“Heigh, sirs,” cried the harum-scarum boy. “Say ye sae! I’ll e’en tak a keek at the guard-room fire!” He sprang past the sentinel and was in the room in a moment.

The great fire flared tumultuously in the deep chimney-place; the white-washed room, despite its ample proportions, was warm, and snug, and clean. The light glittered on the arms stacked in the centre of the floor in readiness at a moment’s warning. On the broad hearth of stone flagging, the soldiers, all fully accoutred and arrayed, despite the hour, in their scarlet uniforms, were ranged; several sat on each of the high-backed settles on either side of the chimney. All looked up as the door opened and the drummer shot in, the sentinel protesting behind him. The door of the prison beyond was half ajar, the sergeant having stepped in to examine an inmate, confined for some military misdemeanor, who was complaining of sudden illness.

“Why, Robin,” one of the guard called out, jocosely. “Avaunt! Depart! This is no place for you!”

He was a big, clumsy, red-faced young Briton, and he rose and came with a lurching gait toward the drummer, who stood, smiling, a mischievous glint in his blue eyes, his cocked hat set back on his flaxen curls, his face flushed with the nipping chill without, and his red coat and leggings covered with a frosting of snow, evidently relishing the freak of his intrusion here in the absence of the officers, and full of animal spirits and fun.

“Wha’s gaun to mak me gae, the noo?” he demanded, capering on his long legs.

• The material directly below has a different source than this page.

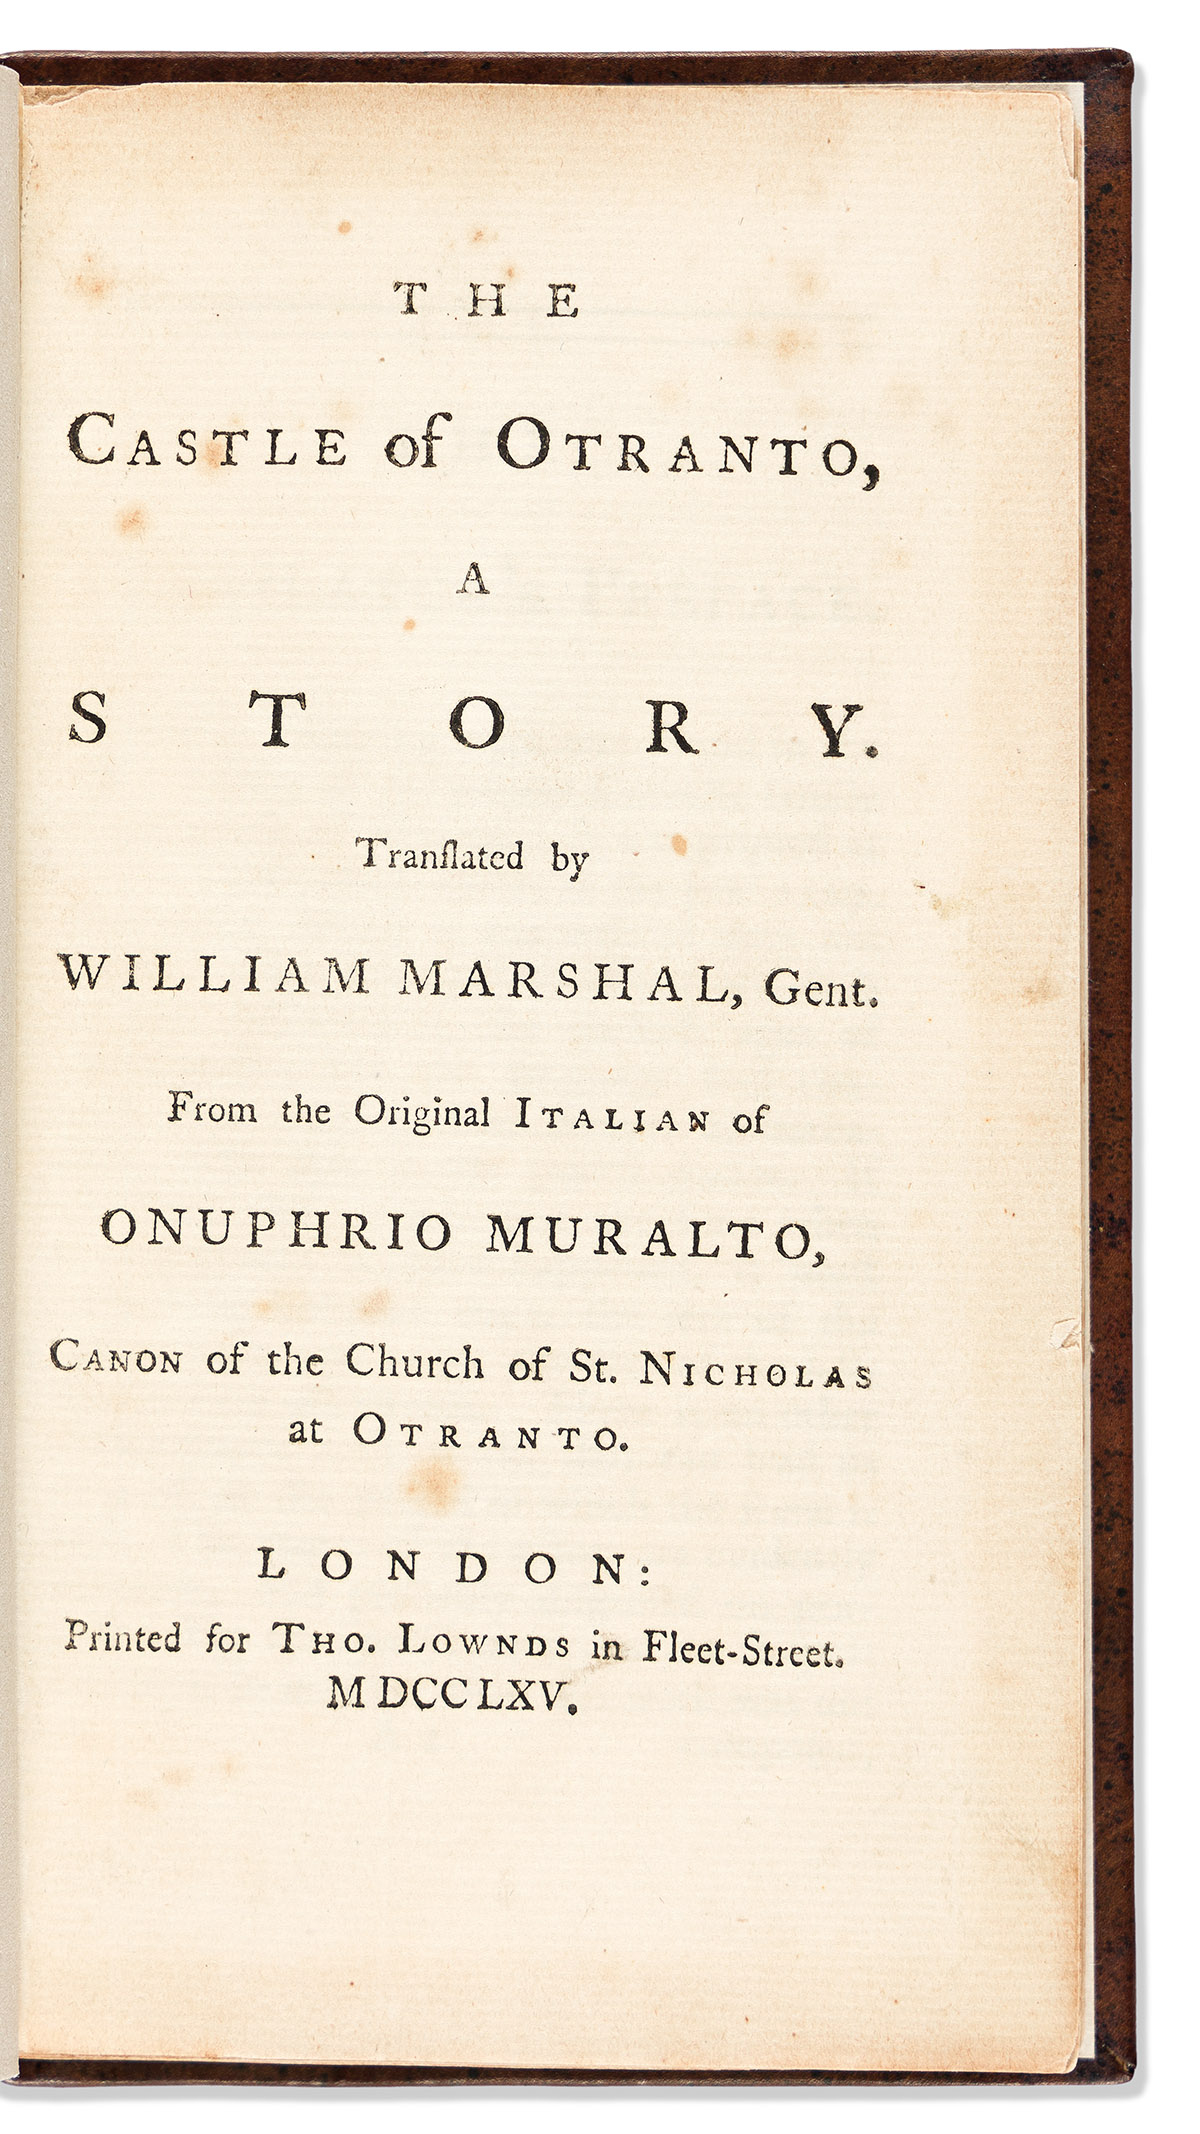 Walpole, Horace (1717-1797) The Castle of Otranto, a Story. Translated by William Marshal, Gent. From the Original Italian of Onuphrio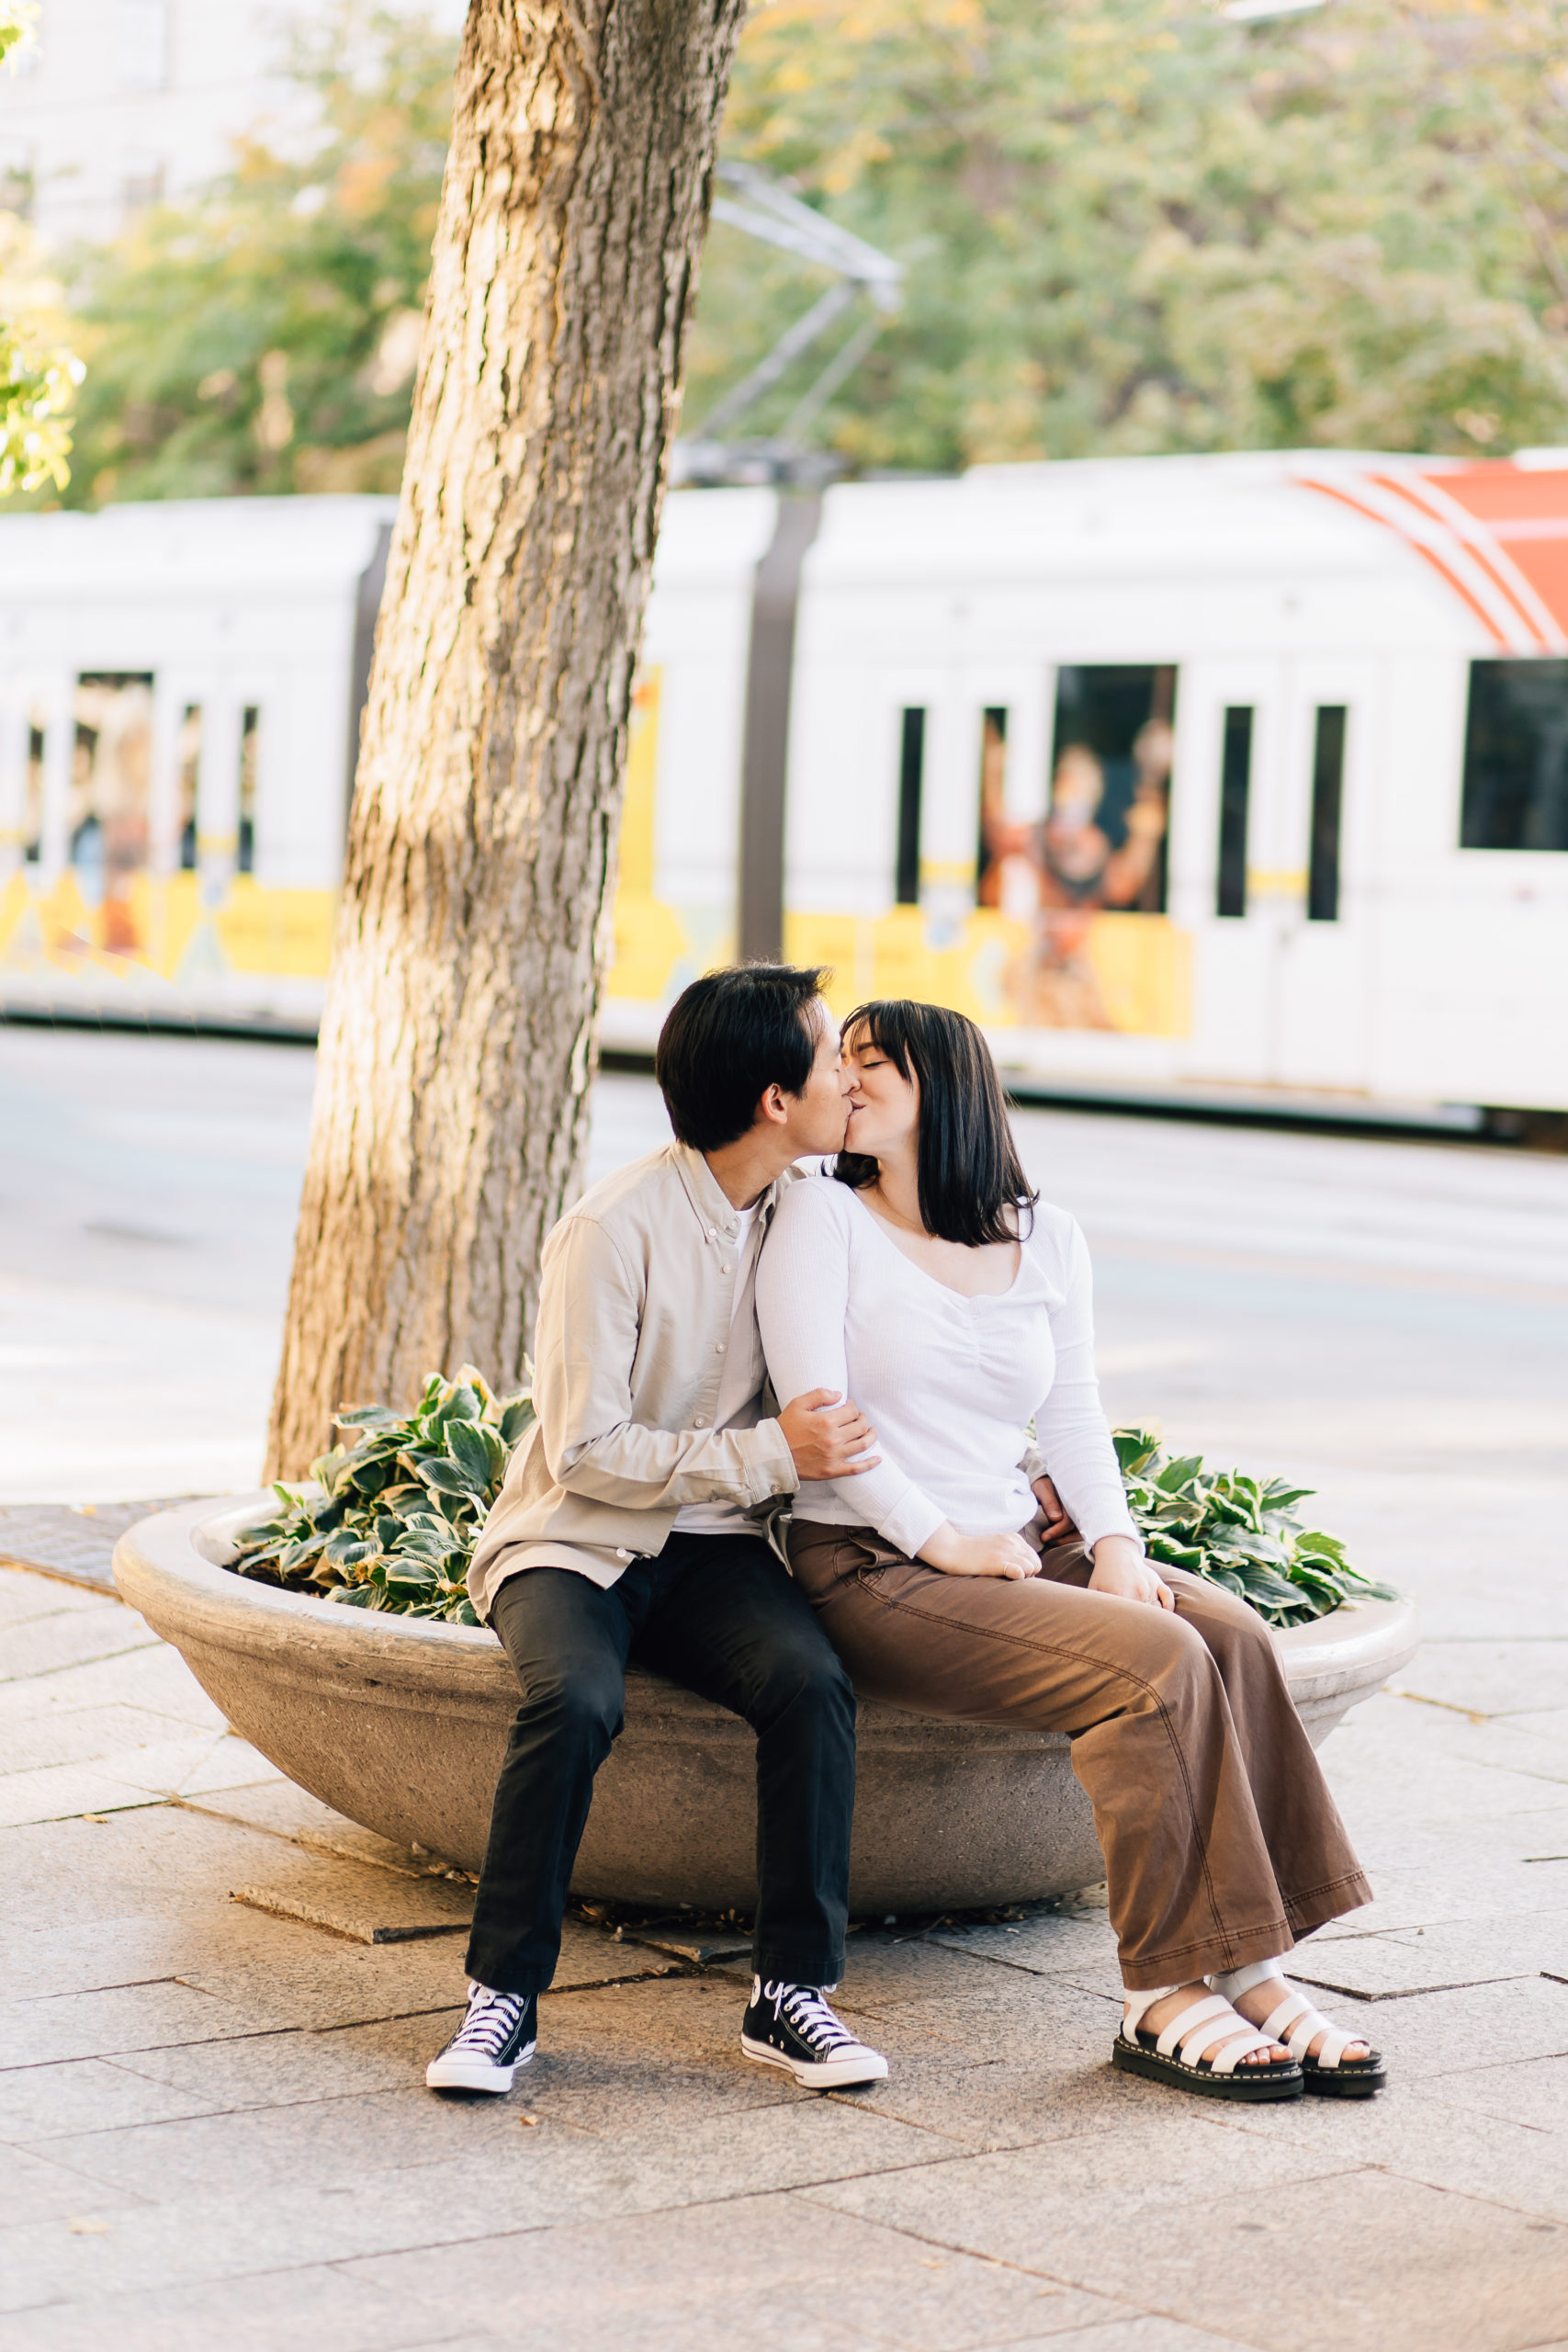 Engagement Photographer Kailee Matsumura Photography captures soon to be married couple kissing by the frontrunner. city engagements #KaileeMatsumuraPhotography #KailleMatsumuraEngagements #SLCengagement #Utahphotographers #engagementphotography

“Faix, thin, I will, me b’ye!” cried an Irishman, springing up from the hearth, eager for even the semblance of a shindy. As he ran at the drummer, head down, Robin lifted the drum-sticks and beat a brisk rub-a-dub on his crown; then as his English comrade came to the rescue, the boy whisked about and, being the taller by a head, despite his youth, he made the drum-sticks rattle about the older man’s ears and his skull ring like the drawn membrane of the new snare drum. The others sprang up in a body and rushed gayly at the light and agile drummer, still plying his sticks on every cranium that came within his reach, whisking among them, darting from one to another, slipping under their out-stretched arms and setting many a head to ringing with a tune all its own, till finally he was surrounded, collared, caught up bodily and fairly flung outside in the deepest drift near at hand. There he wallowed futilely struggling, for a moment overcome with laughter and frantic exertion; finally, he found his feet and made off, tingling with warmth and jollity, toward the barracks. He was fairly housed there when the guard-house door opened to admit the officer of the guard, the corporal, and the two men with the lantern, and the opposite door closed by the re-entrance of the sergeant from the sick patient. Both officers stood at gaze; the men were shambling and shuffling, a trifle shame-facedly, about the room, deeply flushed, some still mechanically laughing, and breathing hard and fast, though all assumed the stiff regulation attitude of the soldier.

“What is all this, Sergeant?” demanded Raymond.

“I don’t know, sir,” answered the second in command. “I’ve been looking after Peters—he seems better now.”

“What is the matter, men?” Raymond turned to the soldiers.

“Just a bit of fun, sir,” one of them responded, puffingly, his breath still short.